2019, nueva era para los medicamentos veterinarios

firma ricardo

El Ministerio de Agricultura quiere introducir más control, transparencia y una mayor trazabilidad y supervisión en el uso de antibióticos en los animales destinados a la producción. Este 2 de enero entraba en vigor el Real Decreto 191/2018 (publicado ya en el BOE el pasado 17 de abril de 2018), por el que se establece la transmisión electrónica de datos de las prescripciones veterinarias de antibióticos destinados a animales productores de alimentos para consumo humano.

Aunque los principales sectores ganaderos se han puesto desde hace ya algún tiempo las pilas con planes propios de reducción del uso de determinados antibióticos para evitar las resistencias bacterianas, España continúa siendo uno de los países de la UE con un mayor grado de consumo de este tipo de sustancias.

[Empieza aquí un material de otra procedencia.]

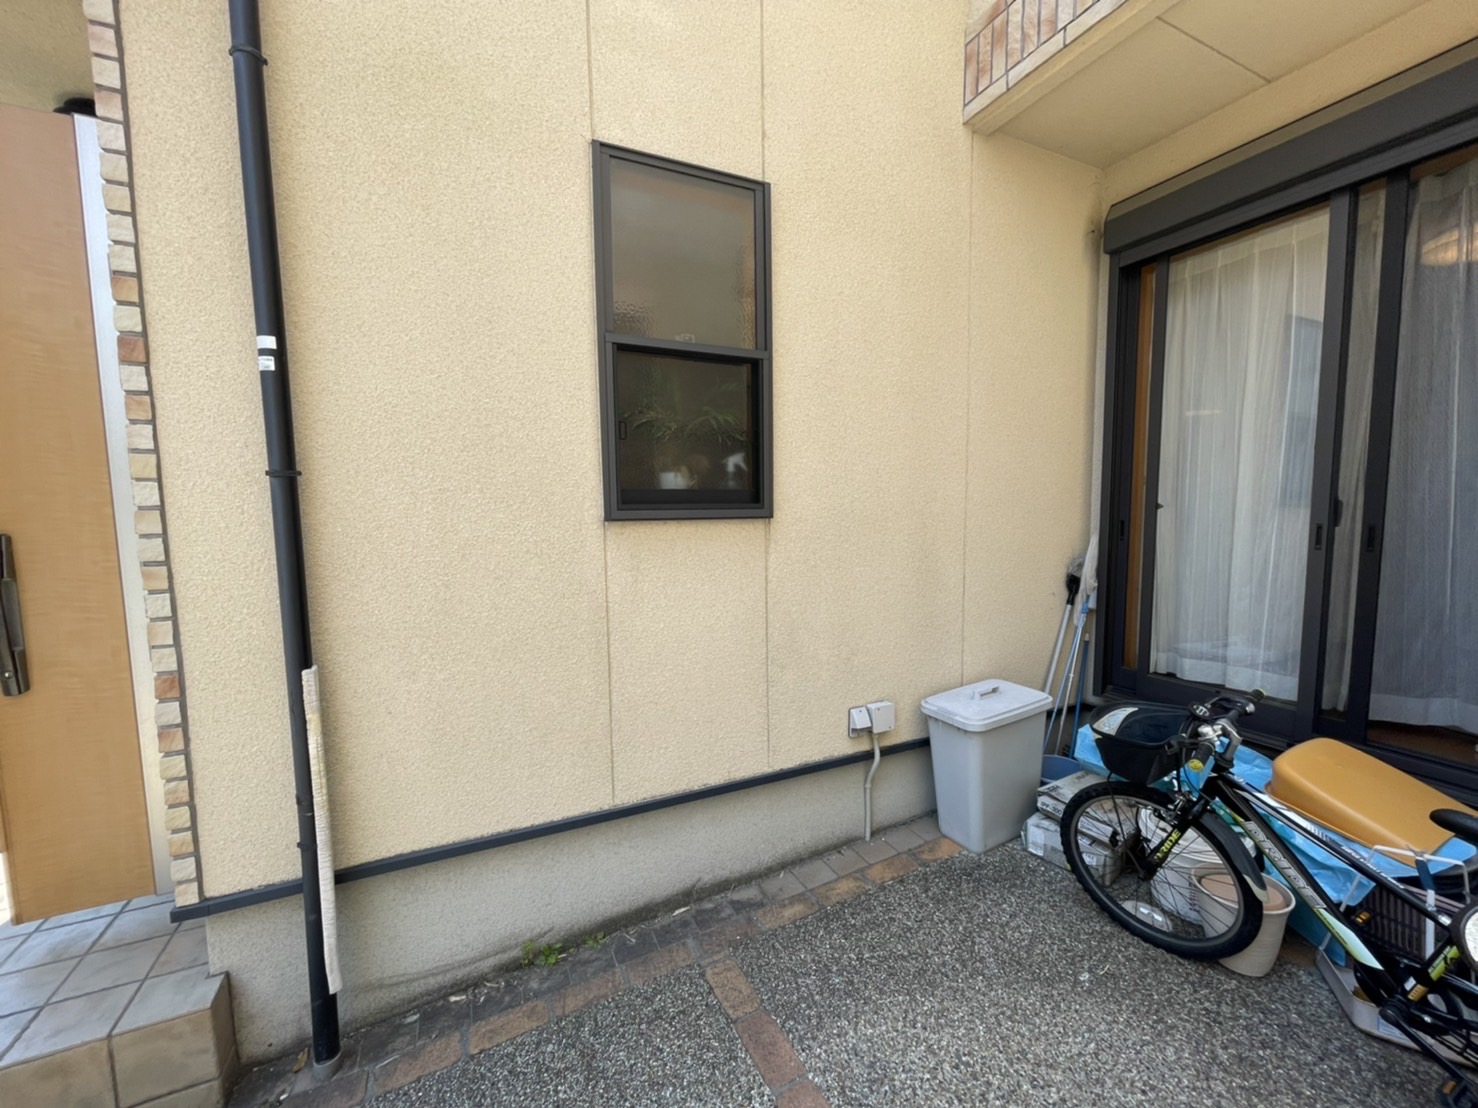 京都市西京区のS様邸EV自動車専用コンセント電気工事を行いました。

Un reciente informe de la Agencia Europea del Medicamento (EMA, en sus siglas en inglés) da cuenta de que la comercialización de antibióticos destinados a los animales de granja han disminuido algo más de un 20% entre 2011 y 2016, gracias al impacto positivo de las nuevas orientaciones de la UE y a las campañas nacionales que promueven un uso prudente y racional para luchar contra las resistencias.

El nivel de consumo de medicamentos antimicrobianos varía de unos países a otros. Los mayores consumidores por unidad de producción en 2016 eran Chipre, con 453 mg/unidad de corrección de población-PCU, seguido de España, con 362 mg/PCU; Italia, con 294 mg/PCU y Portugal, con 208 mg/PCU, frente a una media europea de 124 mg/PCU. Los grandes países productores de ganado y carne, como son Francia (71 mg/PCU), Alemania (89 mg/PCU) u Holanda (53 mg/PCU) estaban claramente por debajo de esa media.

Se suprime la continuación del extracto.